DOJ Settles Lawsuit Alleging Firefighter Hiring Discrimination in Portsmouth, Va.

The Department of Justice (DOJ) announced March 25 that it has entered into a consent decree with the City of Portsmouth, Va., that, if approved by the court, will resolve the complaint that the city engaged in a pattern or practice of employment discrimination against African Americans in its hiring of entry-level firefighters, in violation of Title VII of the Civil Rights Act of 1964 (Title VII).

The complaint, which was filed in federal district court in Norfolk, Va., alleges that Portsmouth's use of a written examination in the selection of entry-level firefighters resulted in disparate impact employment discrimination against African American applicants for that position. According to the complaint, African American applicants passed the written examination at a rate of approximately 42 percent, while the corresponding pass rate for white applicants was approximately 86 percent. The complaint also alleges that Portsmouth cannot demonstrate that the written examination is job-related for the firefighter position and consistent with business necessity, as required by Title VII.

Consent Decree Requirements

The consent decree requires that Portsmouth no longer administer the written examination challenged by the United States, and that it implement new selection procedures for entry-level firefighters that comply with Title VII.

Additionally, the consent decree requires the city to deposit $145,000 into a settlement fund that will be used to make awards of back pay to African Americans who were harmed by Portsmouth's use of the written examination and who are determined to be eligible for relief. African American applicants determined to be eligible for relief under the consent decree may receive a priority offer of employment from Portsmouth, with retroactive seniority for all purposes except for time-in-grade required for promotion.

The consent decree also requires Portsmouth to hire up to 10 eligible African American claimants as firefighters. Portsmouth maintains the opportunity to screen the claimants eligible for consideration for priority hire to ensure that they otherwise meet the qualifications.
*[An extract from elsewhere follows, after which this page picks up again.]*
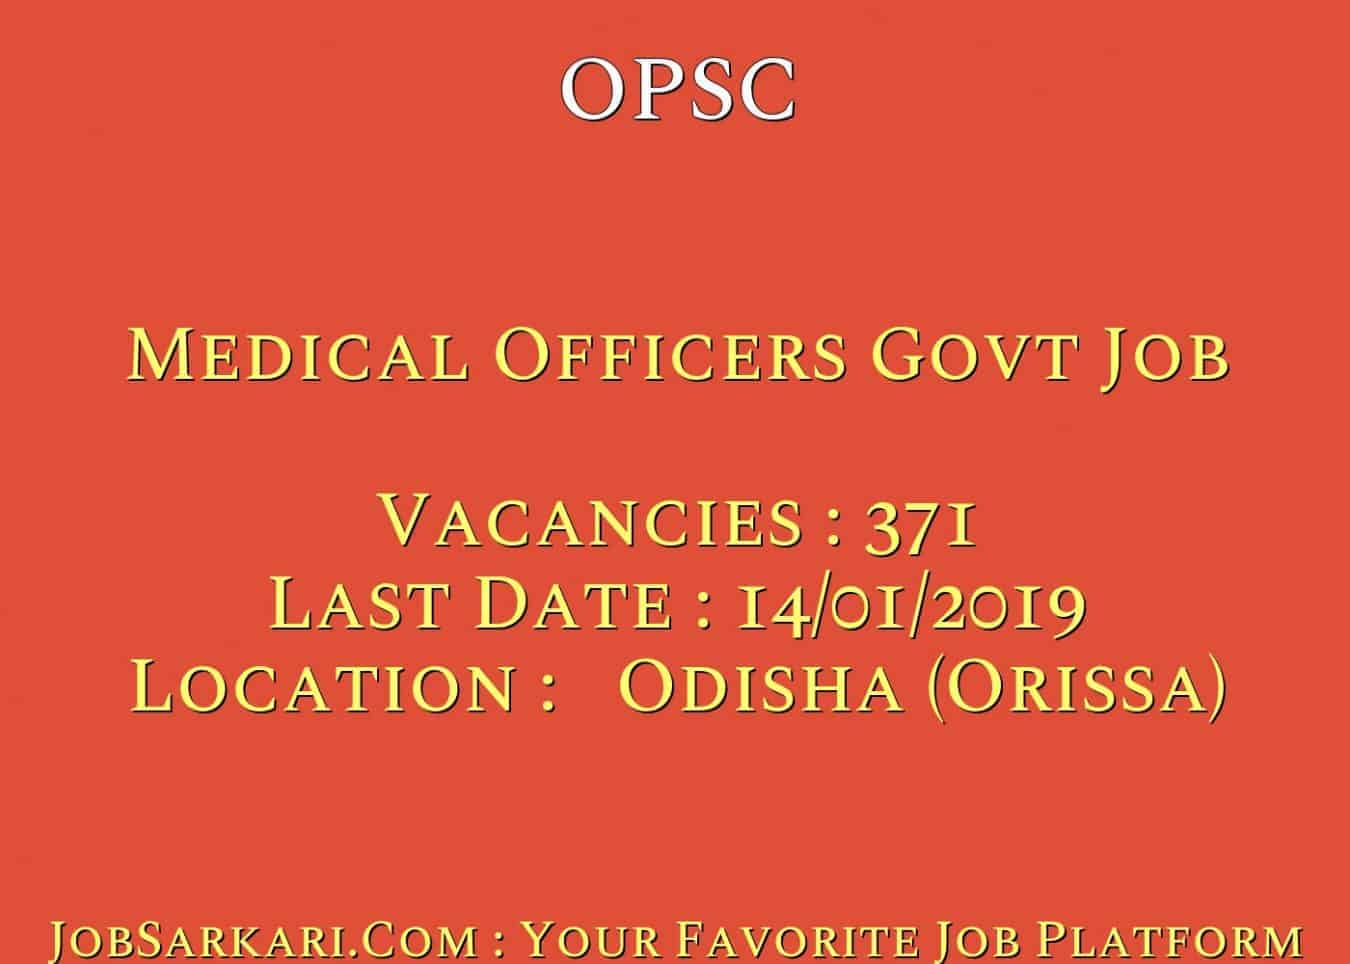 OPSC Recruitment 2018 For Medical Officers Govt Job

"We are pleased that Portsmouth has agreed to put in place new selection practices for firefighters that comply with Title VII, and to take necessary steps to provide relief to those African Americans who have been harmed by the City's hiring practices," said Loretta King, acting assistant attorney general for the Civil Rights Division. "Ending employment practices that have a discriminatory impact on the basis of race is a significant priority of the Department. This settlement sends a clear message that hiring practices with discriminatory impact on account of race will not be tolerated."

Title VII prohibits discrimination in employment on the basis of race, color, sex, national origin or religion. Title VII prohibits not only intentional discrimination, but also the use of employment practices, such as written examinations, which result in disparate impact, unless the employer can prove that such practices are job related and consistent with business necessity.

"We are grateful that the city is working with the Department to ensure every applicant has an equal opportunity to serve as a firefighter," said Dana J. Boente, acting U.S. attorney for the Eastern District of Virginia.